Edit, an outage of this length smells of bad systems architecture...

hinkley · 5 months ago
Prediction: Someone confidently broke something, then confidently 'fixed' it, with the consequence of breaking more things instead. And now they have either been pulled off of the cleanup work or they wish they had been.
bravesoul2 · 5 months ago
Wow >31h I am surprised they couldnt rebuild their entire systems in parallel on new infra in that time. Can be hard if data loss is invokved tho (a guess). Would love to see the post mortem so we all can learn.
stackskipton · 5 months ago
I doubt it’s infra failure but software failure. Their bad design has caught up and they can’t toss more hardware for some reason.

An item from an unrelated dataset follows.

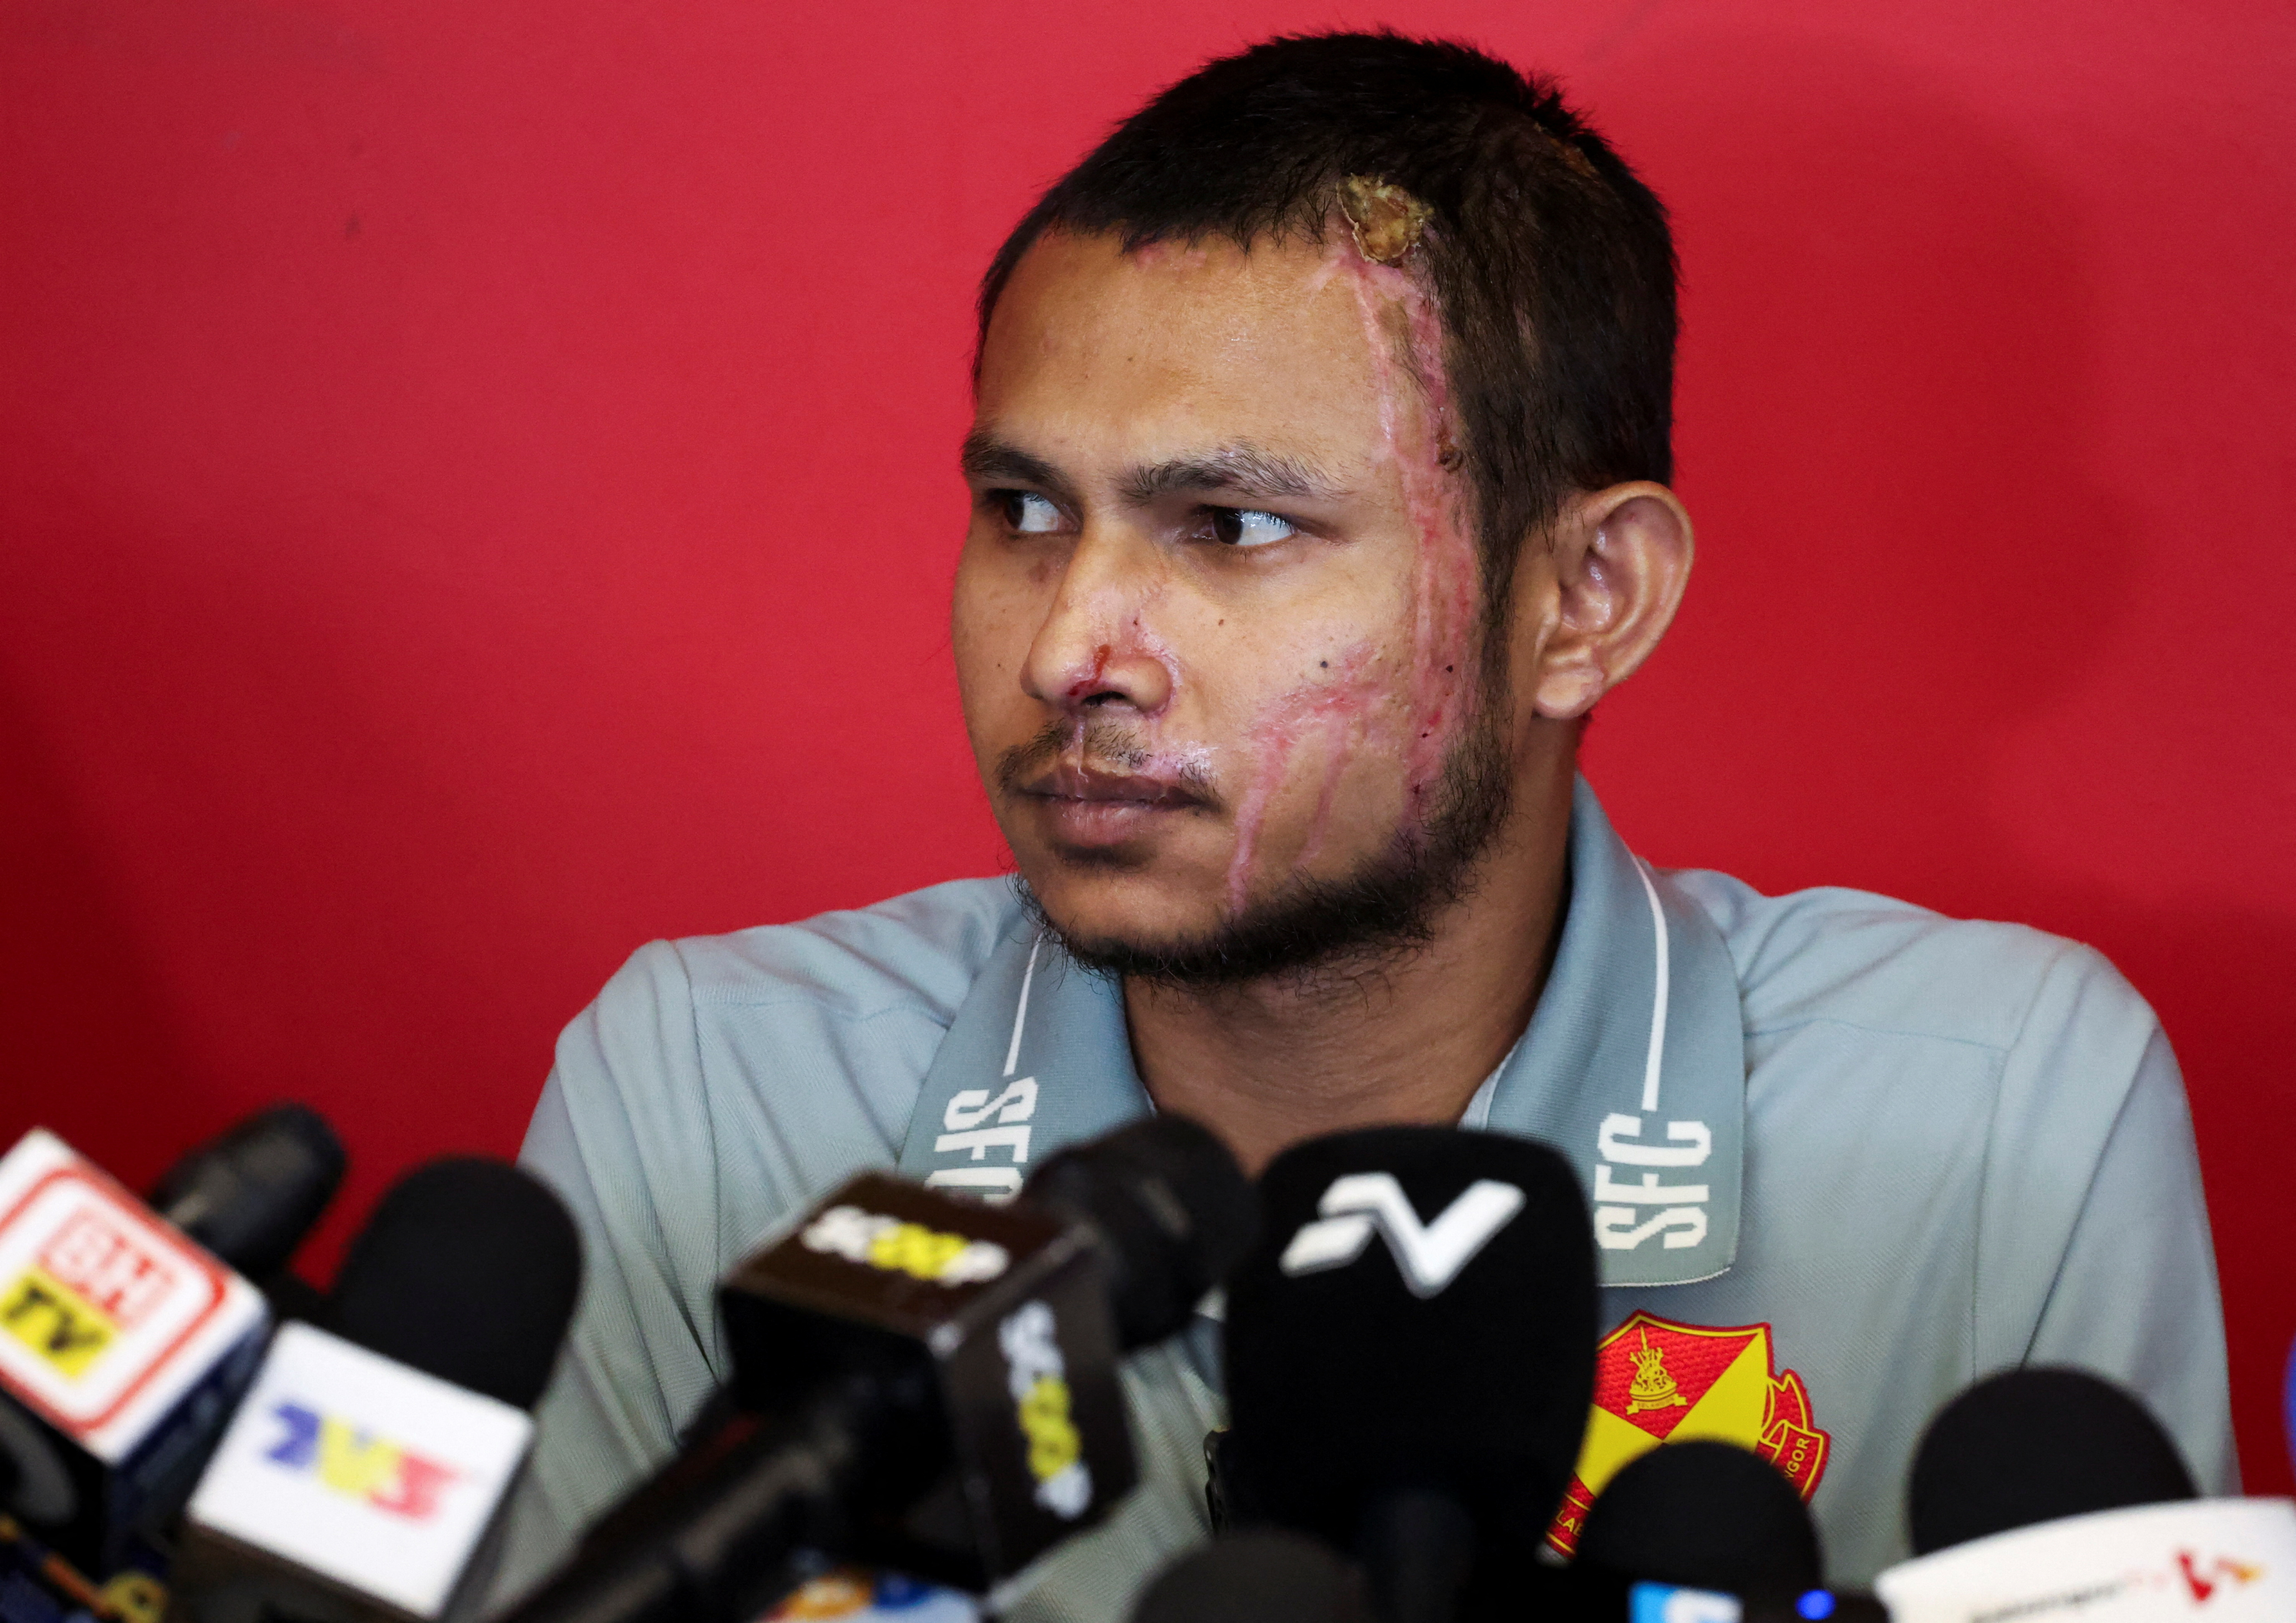 Soccer-Malaysian footballer Faisal calls for justice after acid attack

Most companies have this https://xkcd.com/2347/ in their stack and it’s fallen over.
dangoodmanUT · 5 months ago
Hugs for their SREs sweating bullets rn
wavemode · 5 months ago
progbits · 5 months ago
> 99.99%+ uptime is the standard we need to meet, and lately, we haven’t.

Four nines is not what I would be citing at this point. (That's less than an hour per year, so they burned that for next three decades)

Maybe aim for 99% first.

Otherwise a pretty honest and solid response, kudos for that!

Spivak · 5 months ago
I strive for one 9, thank you. No need to overcomplicate. We use Lambda on top of Glacier.
zamadatix · 5 months ago
One could have nearly 3 such incidents per year and still have hit 99%.

I always strive for 7 9s myself, just not necessarily consecutive digits.

theideaofcoffee · 5 months ago
Lots get starry-eyed and aim for five nines right out of the gate where they should have been targeting nine fives and learning from that. Walk before you run.

Deleted Comment

edoceo · 5 months ago
Interesting the phrase "I'm sorry" was in there. Almost feels like someone in the Big Chair taking a bit of responsibility. Cheers to that.
thih9 · 5 months ago
> Change controls are tighter, and we’re investing in long-term performance improvements, especially in the CMS.

This reads as if overall performance was an afterthought and this doesn’t seem practical; it should be a business metric, it is important to the users after all.

Then again, it’s easy to comment like this in hindsight. We’ll see what happens long term.

newZWhoDis · 5 months ago
As a former webflow customer I can assure you performance was always an afterthought.
stackskipton · 5 months ago
I mean, if customers don’t leave them over this, higher ups likely won’t care after dust settles.
bravesoul2 · 5 months ago
Decent update. Guess people are really waiting for a fix tho!